You’re hitting the words too hard and missing the intent. It’s an interesting phrase because it’s a paradox. It gets at the idea that games without any resistance aren’t games*.

-Tom

* Yeah, yeah, walking simulators and visual novels, I know.

The irony here is it sounds like you are very close to unlocking the ability to respec at will for free. But since you can’t just lower the difficulty for this one fight, you risk never experiencing the rest of this amazing experience.

To each his own, everyone has the right to experience their game however they want to - which is precisely why I argue allowing the player to select and tweak their gameplay experience (mid-game), be it in Dark Souls or Pathfinder or any example in between, is almost always (with some exceptions) going to be a strictly better experience to games that do not allow this. Because everyone is different. From the amount of free time they have to their ability to fundamentally understand game mechanics, it’s just silly to assume any developer could possibly account for all of that and craft a perfect experience for everyone. So, let’s allow players to change things up rather than getting bored or frustrated (especially since that just leads to Steam refunds these days - which isn’t good for anyone, in the long run). That’s my stance.

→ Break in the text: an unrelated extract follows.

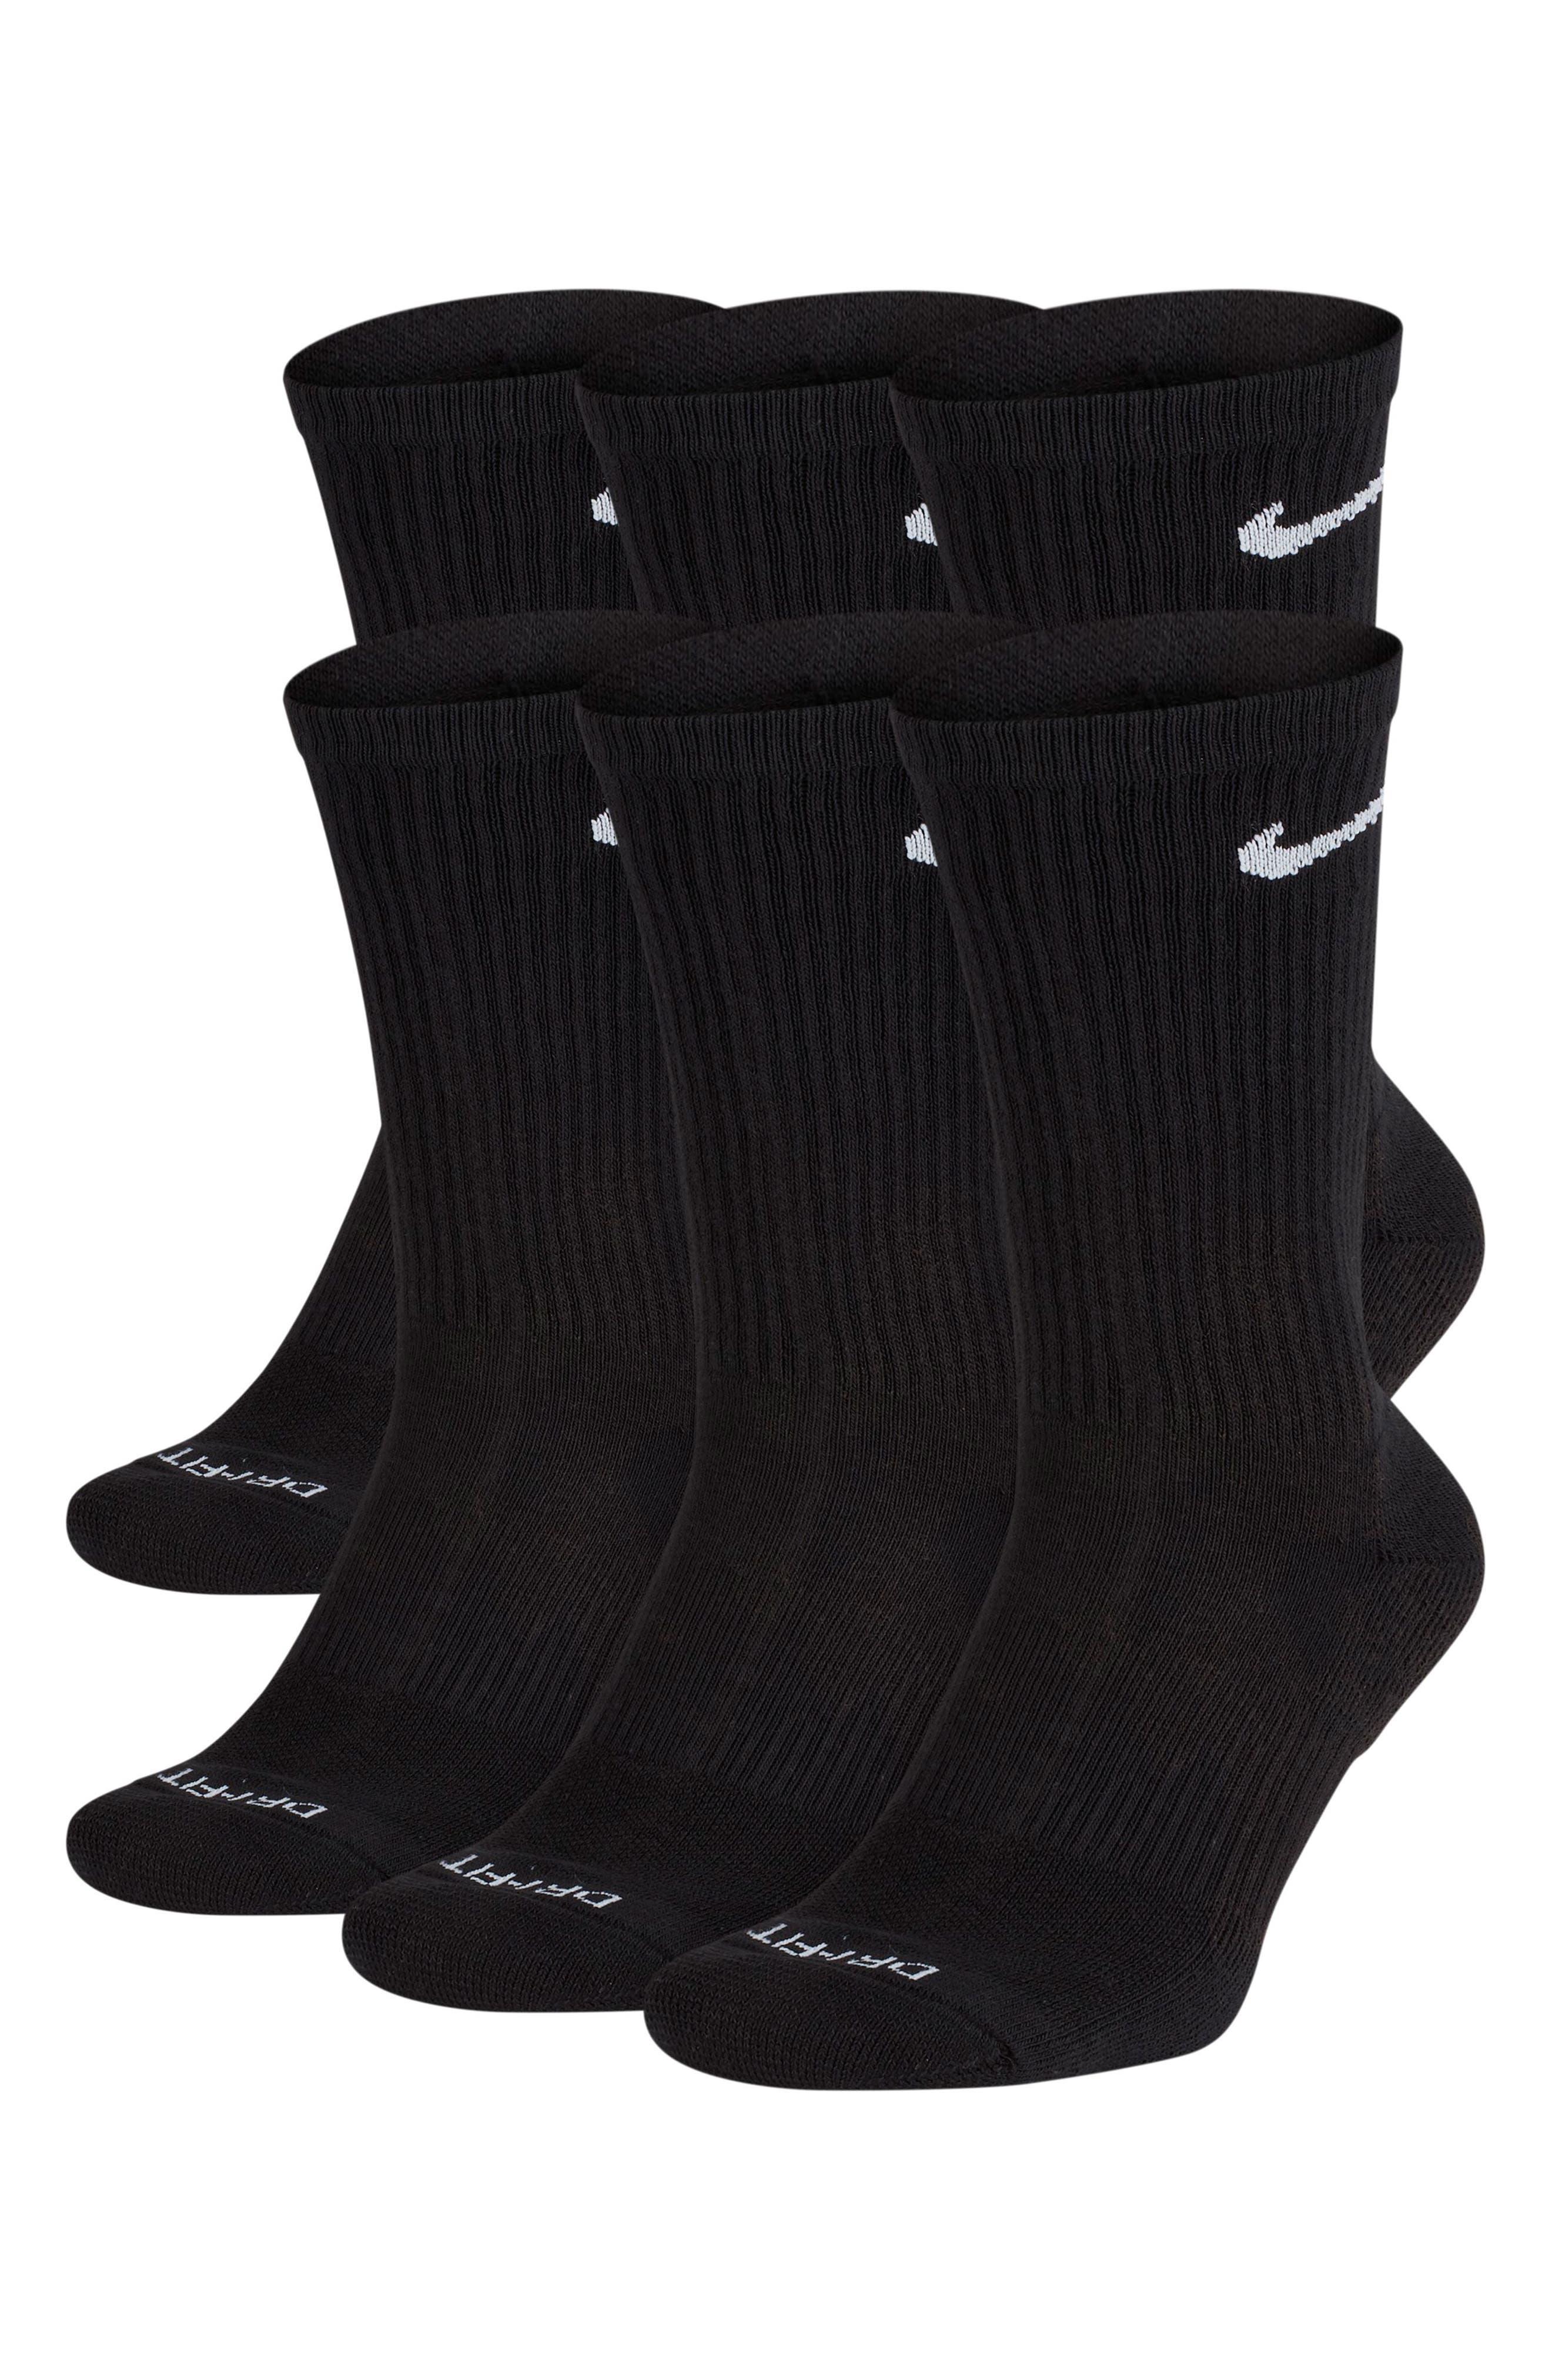 NIKE, Dry 6-Pack Everyday Plus Cushion Crew Training Socks, Main thumbnail 1, color, BLACK/ WHITE

What I’m saying is, that expectation differs for everyone.

I believe I understand what @Nesrie is saying. Is @KallDrexx getting a sense of satisfaction when he finally defeats a tough Monster at last, after three or four attempts? Or is it actually just relief disguised as satisfaction? I think a lot of times people mix the two emotions up in the moment, and then think back fondly on something that was really not very fun at the time.

No. No! I am not missing the intent, I am explaining why that the term does not work for me and a number of other people.

If I have a challenge. It does not become frustration because I didn’t overcome it the first, second or even fifth time. It becomes frustration when you wind up in a place where you think you are not going to be able to overcome come it or achieve it or you see no progress… I don’t typically get frustrated with a game like Monster Hunter because I can see progress, because i can see myself getting better or go out and get better gear, or I see where I made a mistake and can actually you know try to avoid that in the future. There are things I can do, and I know it.

Some of the RPGs, especially the old ones, you get put in a situation where there is no way to win… You get this weirdo illusion that hey you have this control, make your party as you wanted, feel challenged, and then you wind up with something that seems cheap, like you had all these ways to win, more than one way to win and then they stick in say a magic puzzle in a game where you didn’t have to focus on magic just beef up and pound stuff and then bam, puzzle that only magic can solve… stuff like that.

Frustration is different from a challenge where you can try again and again but actually have hope of overcoming. Frustration is not enjoyable. Frustration is a bad outcome.

Ah, is that in the game? Asking for a friend.

As far I can tell, no one here disagrees.